Data records
☆ ☆ ☆ ☆ ☆
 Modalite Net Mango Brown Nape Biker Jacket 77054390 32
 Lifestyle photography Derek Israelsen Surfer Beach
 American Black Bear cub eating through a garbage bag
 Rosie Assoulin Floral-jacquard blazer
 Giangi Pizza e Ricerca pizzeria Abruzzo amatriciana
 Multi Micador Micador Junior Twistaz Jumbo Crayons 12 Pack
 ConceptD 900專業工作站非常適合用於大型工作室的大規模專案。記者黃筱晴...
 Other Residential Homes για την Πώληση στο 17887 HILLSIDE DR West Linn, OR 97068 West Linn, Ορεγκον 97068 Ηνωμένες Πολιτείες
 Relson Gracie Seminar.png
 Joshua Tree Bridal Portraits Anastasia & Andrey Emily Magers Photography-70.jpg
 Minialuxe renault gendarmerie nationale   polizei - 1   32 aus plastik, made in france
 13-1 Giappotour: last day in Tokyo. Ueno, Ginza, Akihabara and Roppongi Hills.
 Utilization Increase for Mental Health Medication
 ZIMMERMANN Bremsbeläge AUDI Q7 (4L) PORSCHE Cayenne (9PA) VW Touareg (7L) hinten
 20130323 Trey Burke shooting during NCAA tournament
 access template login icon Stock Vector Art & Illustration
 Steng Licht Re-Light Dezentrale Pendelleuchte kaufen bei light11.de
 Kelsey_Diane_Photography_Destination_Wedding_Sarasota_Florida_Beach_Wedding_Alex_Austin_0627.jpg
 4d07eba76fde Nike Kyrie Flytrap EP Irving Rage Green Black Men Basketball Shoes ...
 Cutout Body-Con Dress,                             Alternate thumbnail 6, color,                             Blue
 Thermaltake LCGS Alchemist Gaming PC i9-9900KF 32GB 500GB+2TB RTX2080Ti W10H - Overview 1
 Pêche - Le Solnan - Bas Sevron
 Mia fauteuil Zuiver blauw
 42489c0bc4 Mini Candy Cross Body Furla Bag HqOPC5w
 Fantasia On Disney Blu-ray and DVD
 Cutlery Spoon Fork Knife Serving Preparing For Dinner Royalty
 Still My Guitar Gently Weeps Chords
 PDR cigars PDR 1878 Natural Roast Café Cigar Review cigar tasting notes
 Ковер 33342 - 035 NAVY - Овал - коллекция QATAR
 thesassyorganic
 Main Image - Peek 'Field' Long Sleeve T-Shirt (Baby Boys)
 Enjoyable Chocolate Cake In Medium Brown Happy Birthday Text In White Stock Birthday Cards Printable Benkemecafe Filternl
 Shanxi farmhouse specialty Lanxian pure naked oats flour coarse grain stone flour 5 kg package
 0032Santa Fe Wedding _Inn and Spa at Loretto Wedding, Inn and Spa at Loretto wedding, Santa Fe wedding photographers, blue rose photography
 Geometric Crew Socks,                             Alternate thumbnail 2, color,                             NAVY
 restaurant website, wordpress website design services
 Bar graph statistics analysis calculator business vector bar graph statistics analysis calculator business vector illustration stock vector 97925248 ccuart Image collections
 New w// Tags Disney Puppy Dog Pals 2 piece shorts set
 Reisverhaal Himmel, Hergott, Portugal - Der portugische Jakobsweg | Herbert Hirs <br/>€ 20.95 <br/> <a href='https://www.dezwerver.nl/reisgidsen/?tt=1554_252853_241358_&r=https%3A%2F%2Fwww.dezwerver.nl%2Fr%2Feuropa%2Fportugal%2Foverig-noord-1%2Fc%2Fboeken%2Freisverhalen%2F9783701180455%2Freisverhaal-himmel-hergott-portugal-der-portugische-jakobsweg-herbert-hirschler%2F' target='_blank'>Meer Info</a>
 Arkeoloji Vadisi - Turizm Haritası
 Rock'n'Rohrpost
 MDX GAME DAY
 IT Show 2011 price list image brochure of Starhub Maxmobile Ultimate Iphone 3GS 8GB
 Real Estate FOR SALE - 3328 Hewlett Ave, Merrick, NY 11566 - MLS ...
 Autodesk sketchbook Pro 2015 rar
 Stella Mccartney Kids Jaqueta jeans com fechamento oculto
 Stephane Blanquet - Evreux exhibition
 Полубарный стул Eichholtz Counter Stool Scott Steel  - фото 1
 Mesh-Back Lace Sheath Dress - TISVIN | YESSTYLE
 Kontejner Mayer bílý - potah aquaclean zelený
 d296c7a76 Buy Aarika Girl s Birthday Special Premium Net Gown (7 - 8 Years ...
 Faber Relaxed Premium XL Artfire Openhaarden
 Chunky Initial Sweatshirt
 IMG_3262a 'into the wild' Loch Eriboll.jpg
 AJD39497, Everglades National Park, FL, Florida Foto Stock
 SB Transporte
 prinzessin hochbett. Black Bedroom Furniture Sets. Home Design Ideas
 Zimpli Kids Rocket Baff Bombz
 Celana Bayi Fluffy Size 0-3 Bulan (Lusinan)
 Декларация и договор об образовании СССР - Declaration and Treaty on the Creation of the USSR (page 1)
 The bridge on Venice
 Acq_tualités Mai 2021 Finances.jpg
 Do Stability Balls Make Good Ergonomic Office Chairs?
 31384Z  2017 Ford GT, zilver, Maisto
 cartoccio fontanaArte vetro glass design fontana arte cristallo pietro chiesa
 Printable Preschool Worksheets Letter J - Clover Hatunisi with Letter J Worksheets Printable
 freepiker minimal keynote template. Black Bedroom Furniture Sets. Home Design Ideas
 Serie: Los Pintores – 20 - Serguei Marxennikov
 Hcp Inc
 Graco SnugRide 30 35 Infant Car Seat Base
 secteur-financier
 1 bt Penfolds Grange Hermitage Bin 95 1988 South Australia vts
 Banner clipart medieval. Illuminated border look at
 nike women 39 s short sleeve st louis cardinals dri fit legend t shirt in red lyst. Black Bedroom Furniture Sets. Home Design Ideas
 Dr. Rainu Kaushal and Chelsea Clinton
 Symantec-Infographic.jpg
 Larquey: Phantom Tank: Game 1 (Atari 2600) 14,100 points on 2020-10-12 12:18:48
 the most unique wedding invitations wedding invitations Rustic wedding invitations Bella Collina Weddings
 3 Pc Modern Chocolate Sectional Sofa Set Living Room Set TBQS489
☆ ☆ ☆ ☆ ☆
What is needed is every line of the records that contains the word "Premium".

Final answer
 d296c7a76 Buy Aarika Girl s Birthday Special Premium Net Gown (7 - 8 Years ...
 Faber Relaxed Premium XL Artfire Openhaarden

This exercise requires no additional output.